Die Bedeutung der Entscheidung für die rechtspraktische Umsetzung im E-Commerce

Die Entscheidung des BGH hat erhebliche praktische Bedeutung – insbesondere für Händler, Dienstleister und Plattformbetreiber, die Verbraucherverträge im Fernabsatz abschließen.

Denn sie bringt eine willkommene Klärung der Frage, wie eng die Vorgaben des gesetzlichen Musters für Widerrufsbelehrungen auszulegen sind – und ob eine Abweichung hinsichtlich einzelner Kommunikationsmittel automatisch zu einer Unwirksamkeit führt.

Der BGH entscheidet diese Frage klar zugunsten einer funktional orientierten Auslegung: Es kommt nicht auf die bloße Existenz einer Telefonnummer an, sondern auf die Möglichkeit einer effektiven Kontaktaufnahme. Unternehmer müssen zwar sicherstellen, dass ihre Kontaktdaten für Verbraucher zugänglich sind – dies aber nicht zwingend innerhalb der Belehrung selbst. Maßgeblich ist vielmehr, ob der Verbraucher objektiv in der Lage ist, das Unternehmen zu erreichen und sein Widerrufsrecht geltend zu machen.

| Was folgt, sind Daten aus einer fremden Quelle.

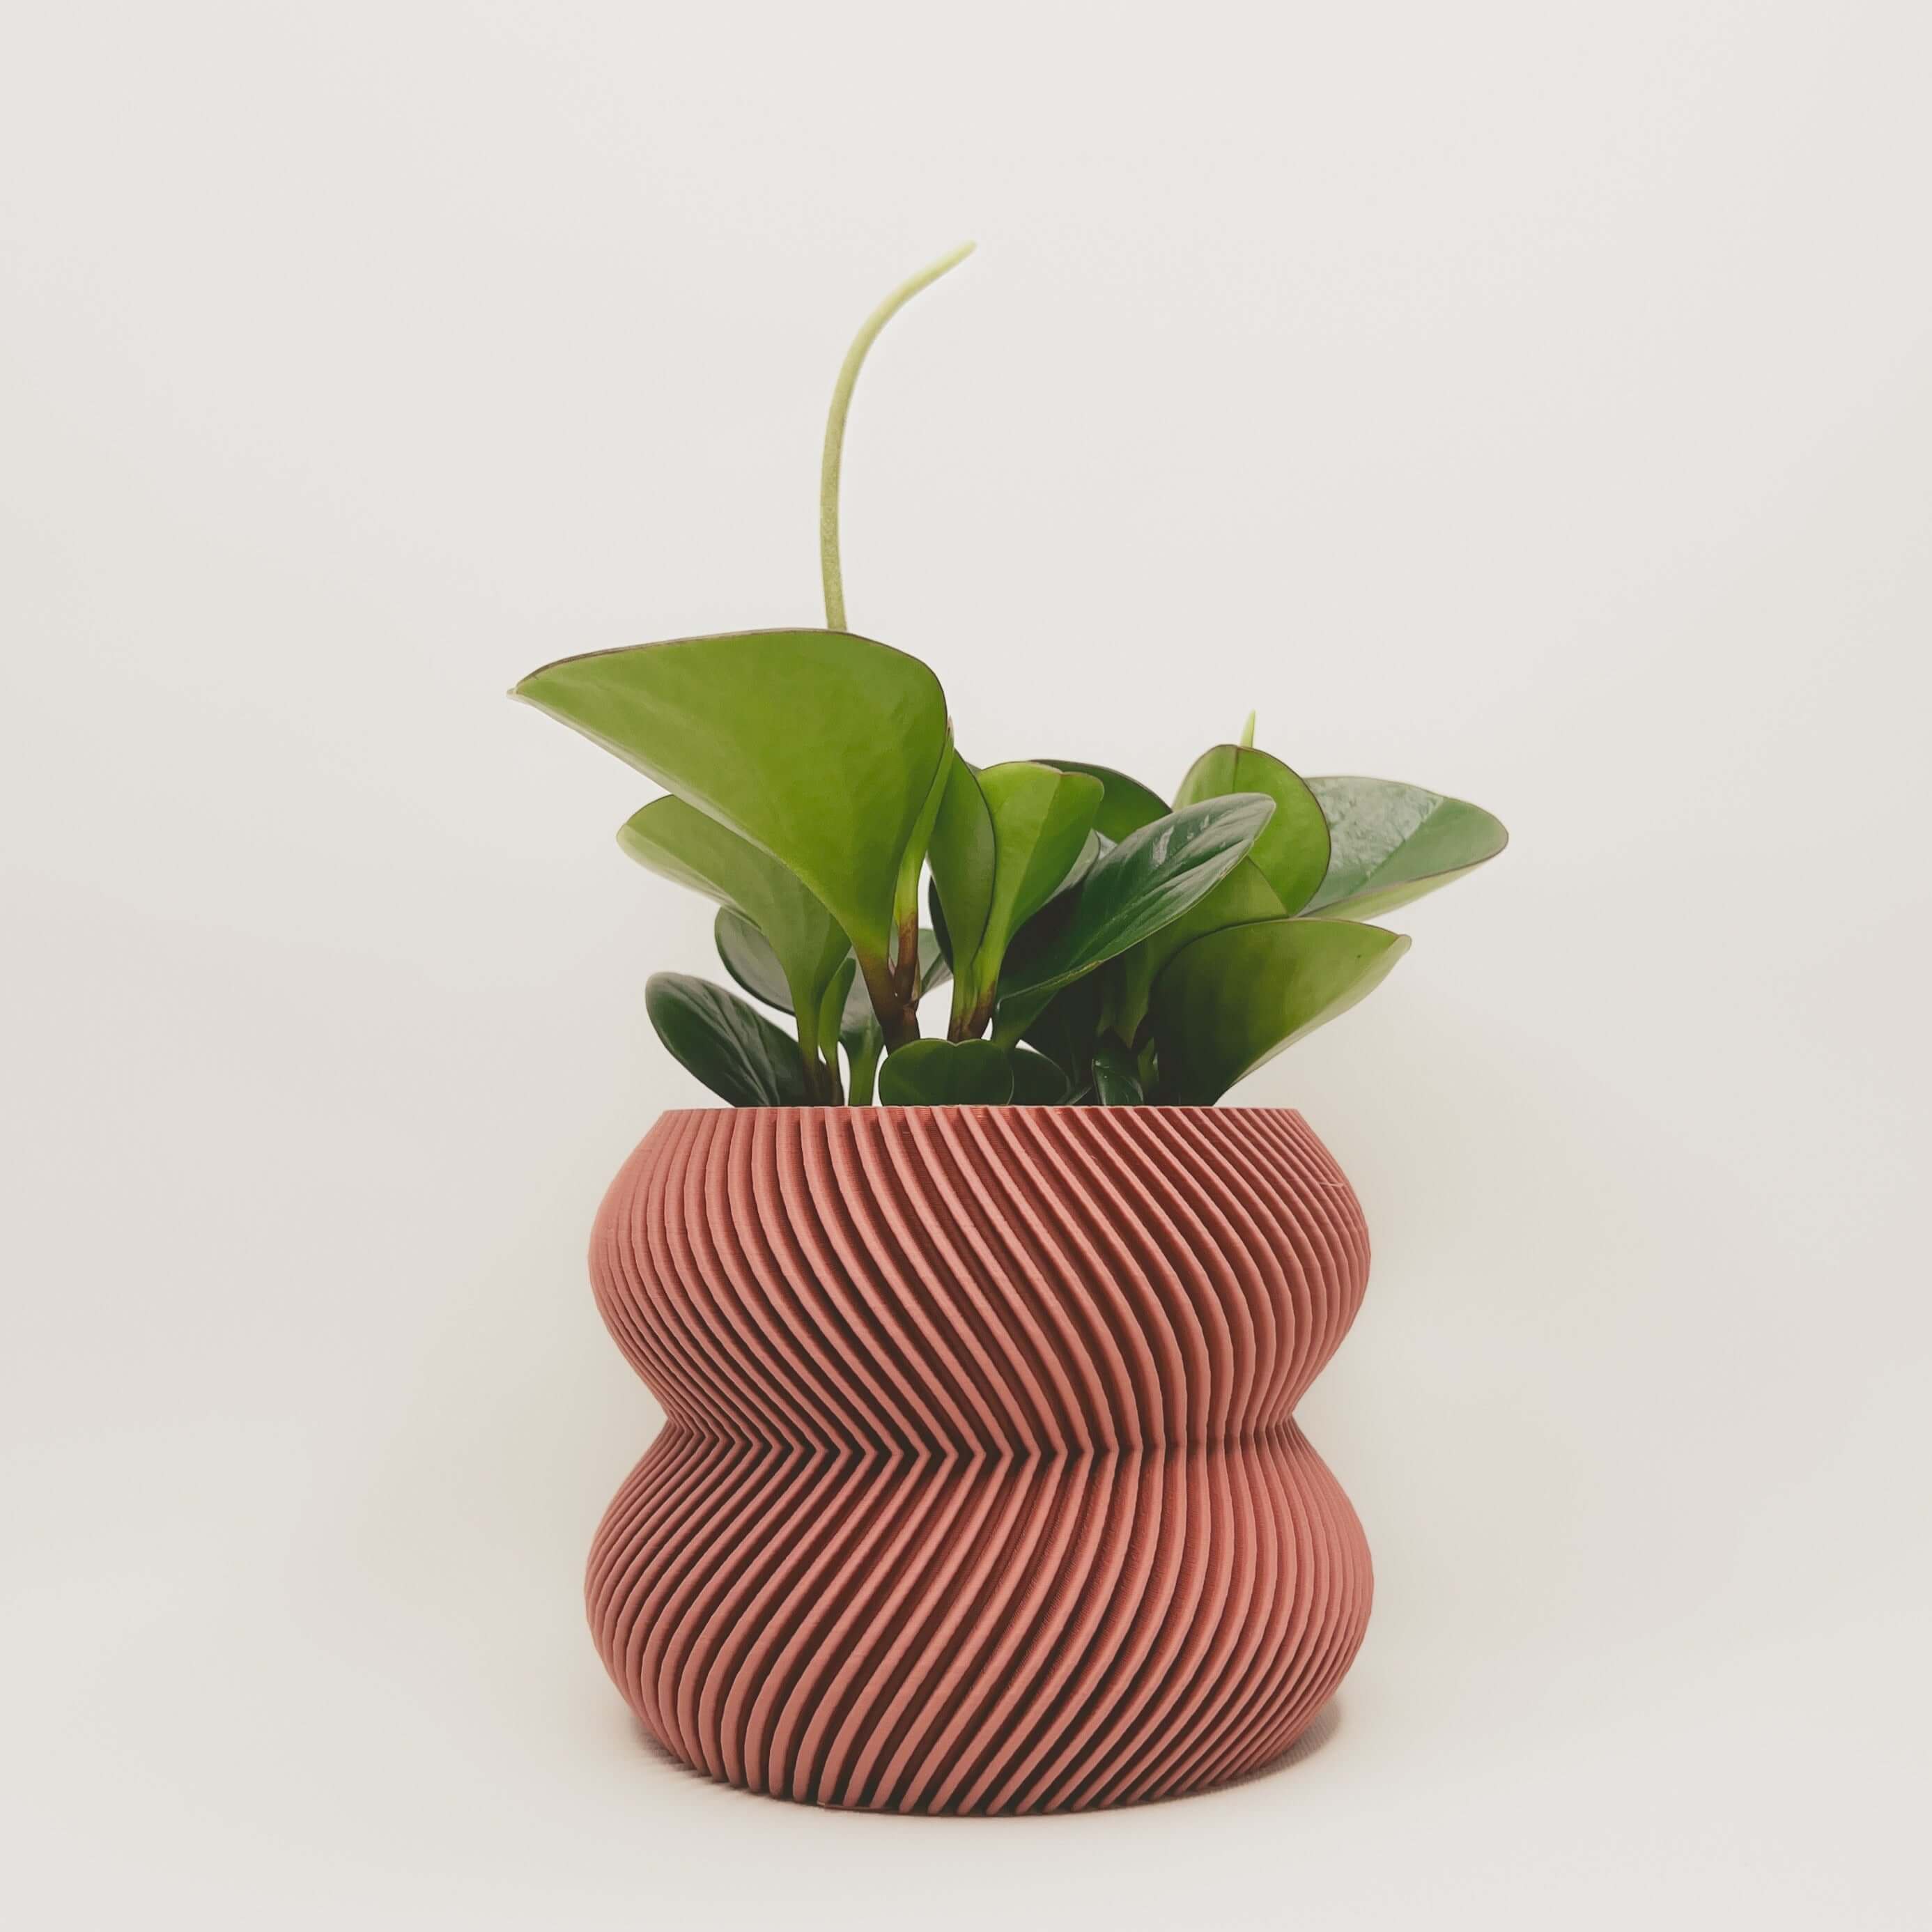 Cache-pot minimaliste en matériaux durables, conçu au Québec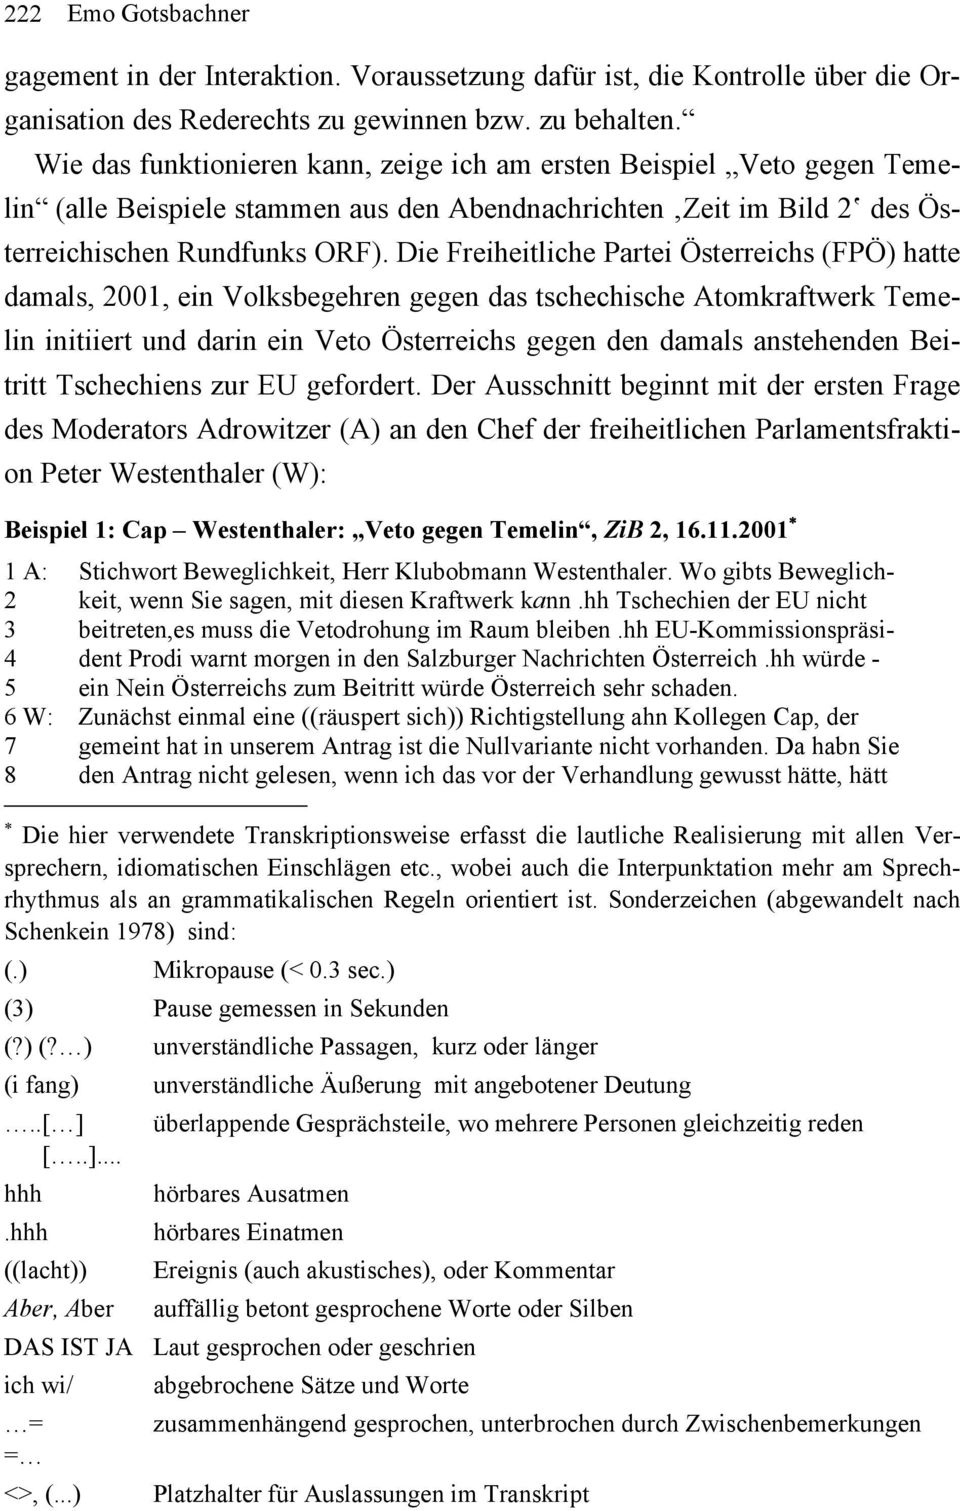 Die Freiheitliche Partei Österreichs (FPÖ) hatte damals, 2001, ein Volksbegehren gegen das tschechische Atomkraftwerk Temelin initiiert und darin ein Veto Österreichs gegen den damals anstehenden

Das Urteil stellt damit einen bedeutsamen Schritt in Richtung einer praktikablen, praxisgerechten und gleichzeitig unionsrechtskonformen Auslegung des Widerrufsrechts dar. Es korrigiert eine überformalisierte Sichtweise, die sich ausschließlich am Wortlaut des gesetzlichen Musters orientiert, und betont stattdessen die funktionale Zielsetzung des Verbraucherrechts: den effektiven Schutz durch Information, nicht durch starre Formvorgaben.

Ausblick und Bewertung

Die Entscheidung des BGH ist konsequent, nachvollziehbar und aus Sicht einer modernen, europarechtskonformen Gesetzesauslegung zu begrüßen. Sie entlastet Unternehmer von der Sorge, dass geringfügige Abweichungen vom Mustertext – wie das Weglassen der Telefonnummer – zwangsläufig zu Rechtsnachteilen führen. Gleichzeitig wahrt sie die berechtigten Interessen der Verbraucher, indem sie auf die tatsächliche Erreichbarkeit des Unternehmens abstellt und die Effektivität des Widerrufsrechts sicherstellt.

Für die juristische Praxis bedeutet dies eine größere Flexibilität in der Gestaltung von Widerrufsbelehrungen – allerdings unter der Voraussetzung, dass die übrigen Informationspflichten erfüllt sind und dem Verbraucher ein effektiver Zugang zu seinen Rechten ermöglicht wird. Händler sollten weiterhin mit Sorgfalt agieren und sicherstellen, dass Kontaktwege transparent und leicht zugänglich sind – etwa über Impressum, Kontaktformulare oder automatische E-Mail-Bestätigungen.

Abschließend lässt sich festhalten: Der Beschluss des BGH vom 25. Februar 2025 schafft eine sachgerechte Balance zwischen Verbraucherschutz und unternehmerischer Rechtsklarheit. Er ist ein Beispiel dafür, wie gerichtliche Entscheidungspraxis dazu beitragen kann, den rechtlichen Rahmen an die Lebenswirklichkeit des digitalen Handels anzupassen – ohne die Schutzziele des Gesetzes aus dem Blick zu verlieren.